Look for the line with "Ashland Leather Co."; please transcribe it and every later line in the entries exactly, up to the end, leaving pictures out.

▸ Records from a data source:
= = = = =
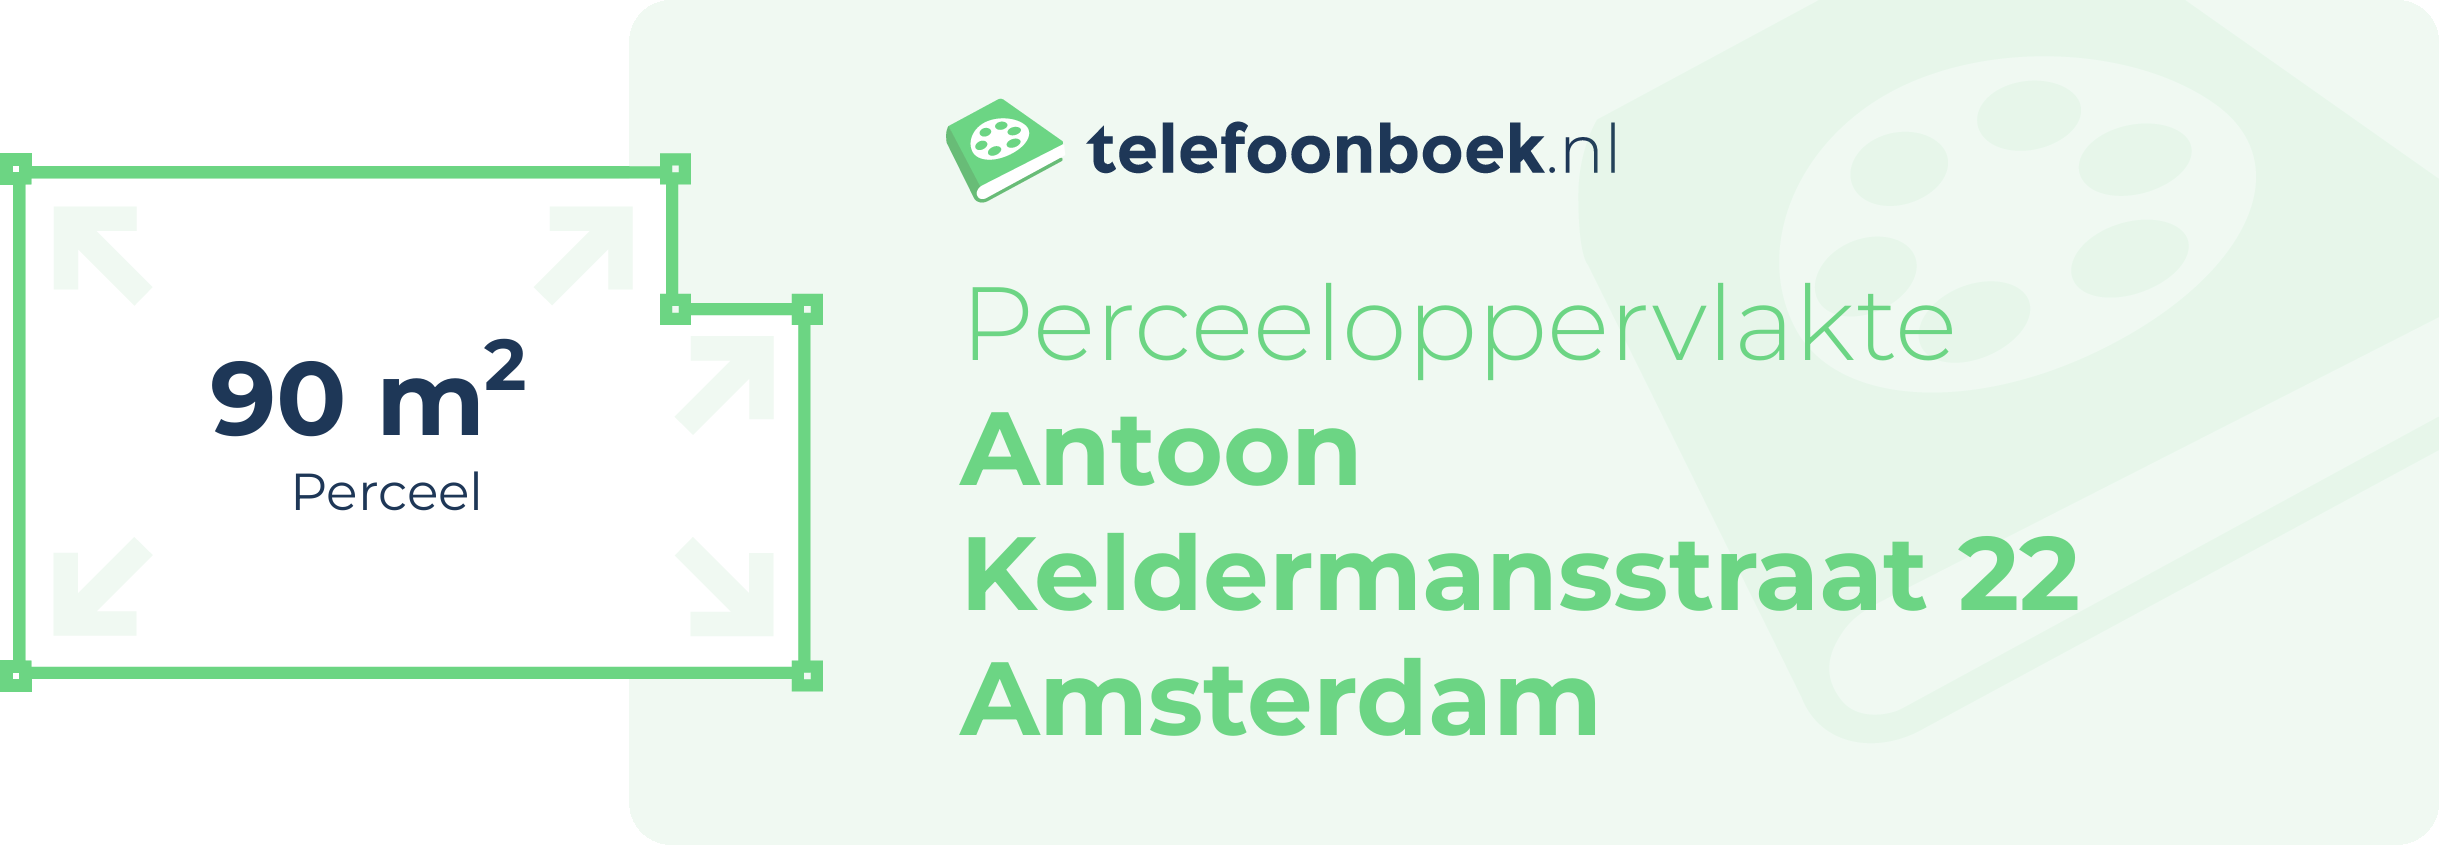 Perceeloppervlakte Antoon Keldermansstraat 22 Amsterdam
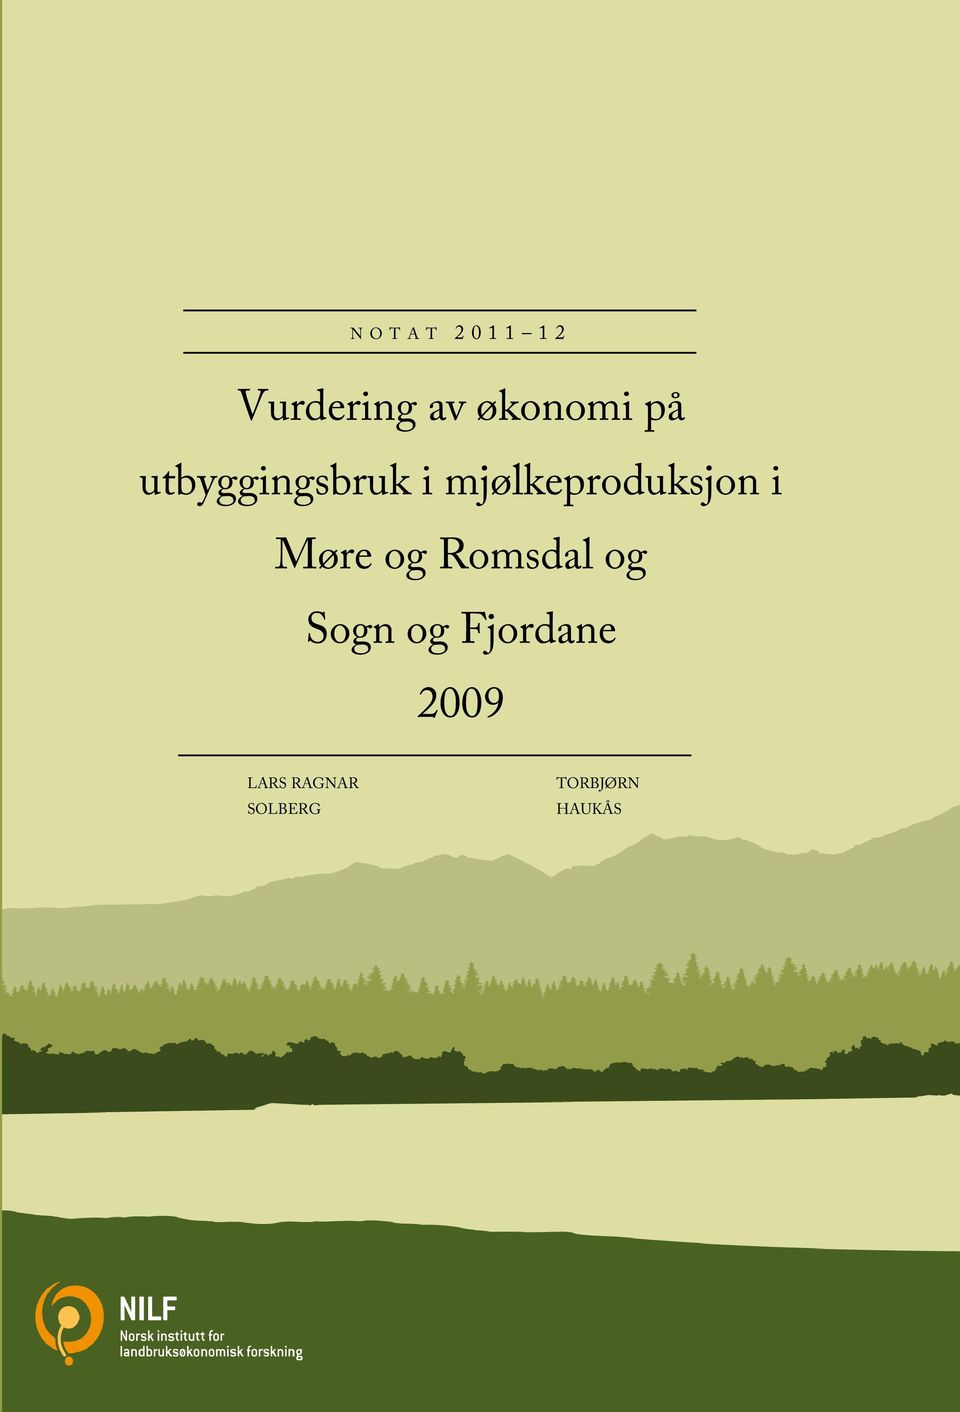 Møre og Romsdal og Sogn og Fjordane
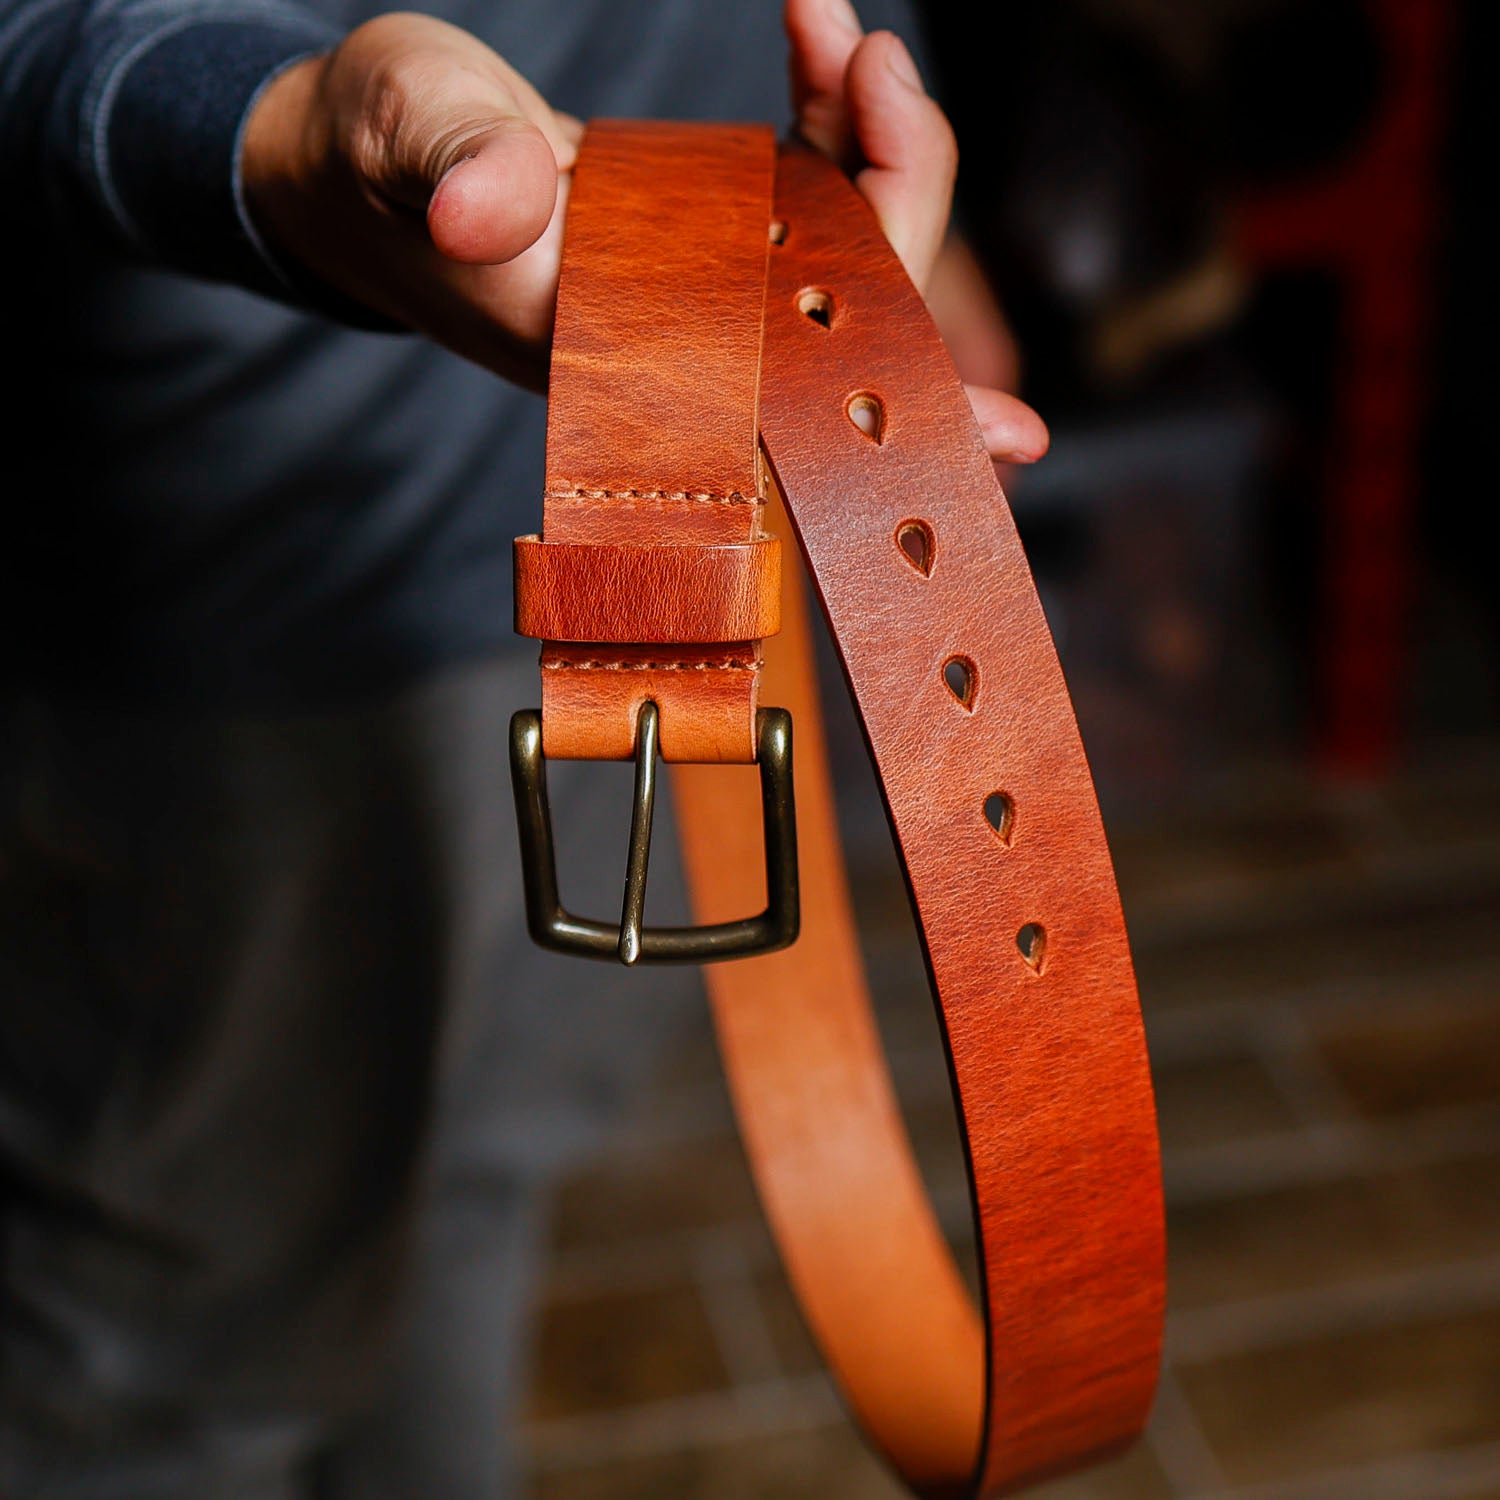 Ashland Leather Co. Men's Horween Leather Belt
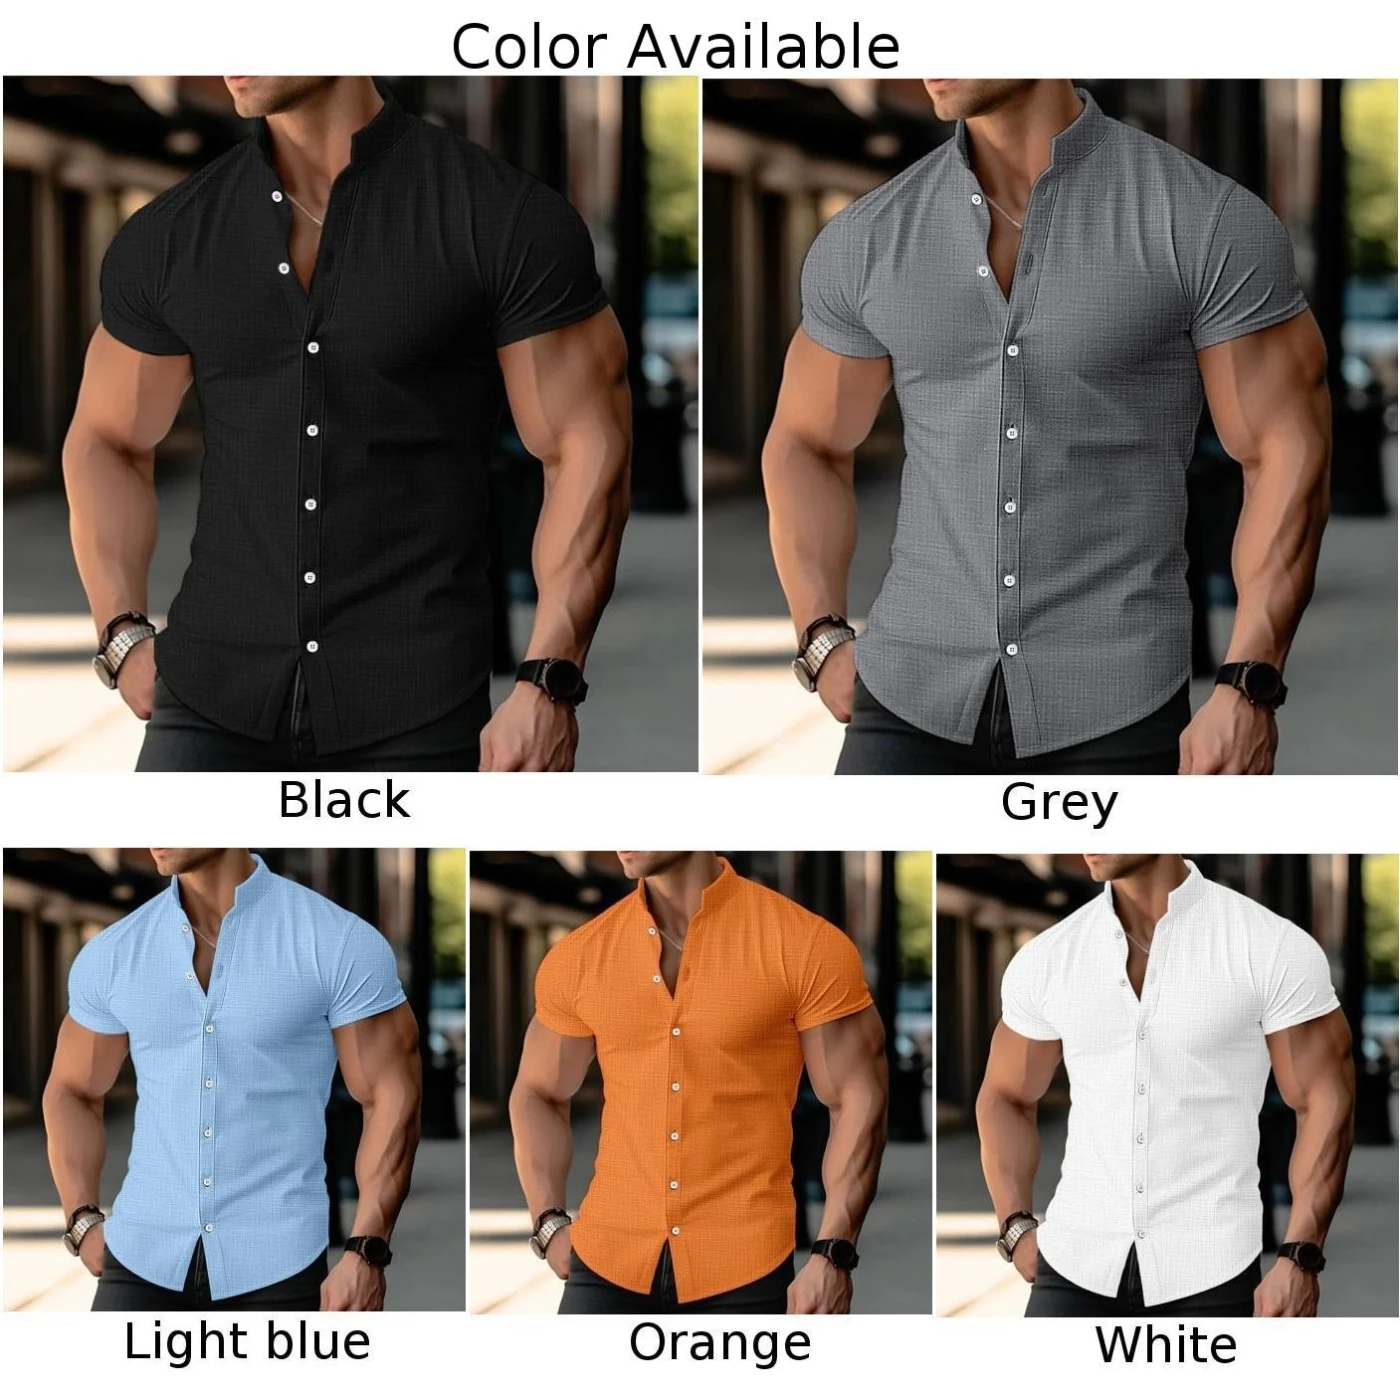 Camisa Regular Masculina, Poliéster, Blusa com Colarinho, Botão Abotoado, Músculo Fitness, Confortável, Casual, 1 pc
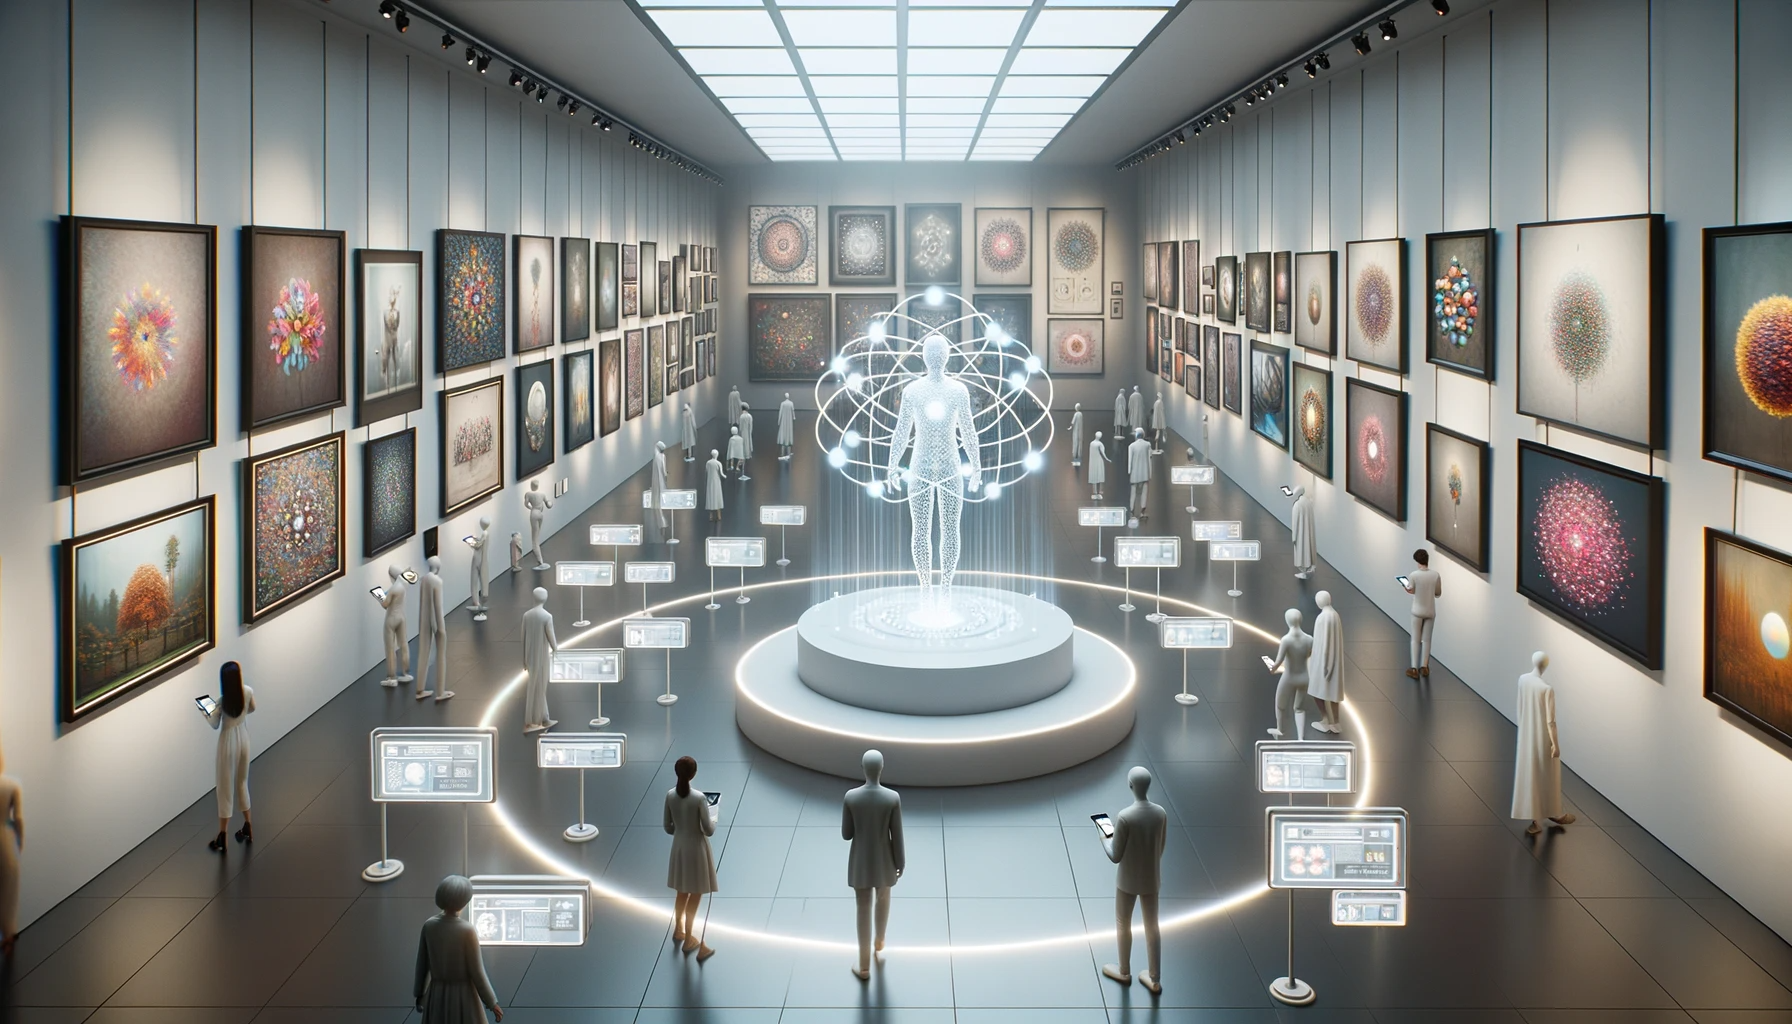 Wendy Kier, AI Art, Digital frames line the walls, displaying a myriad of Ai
= = = = =
▸ Problem solution:
 Ashland Leather Co. Men's Horween Leather Belt
 Camisa Regular Masculina, Poliéster, Blusa com Colarinho, Botão Abotoado, Músculo Fitness, Confortável, Casual, 1 pc
 Wendy Kier, AI Art, Digital frames line the walls, displaying a myriad of Ai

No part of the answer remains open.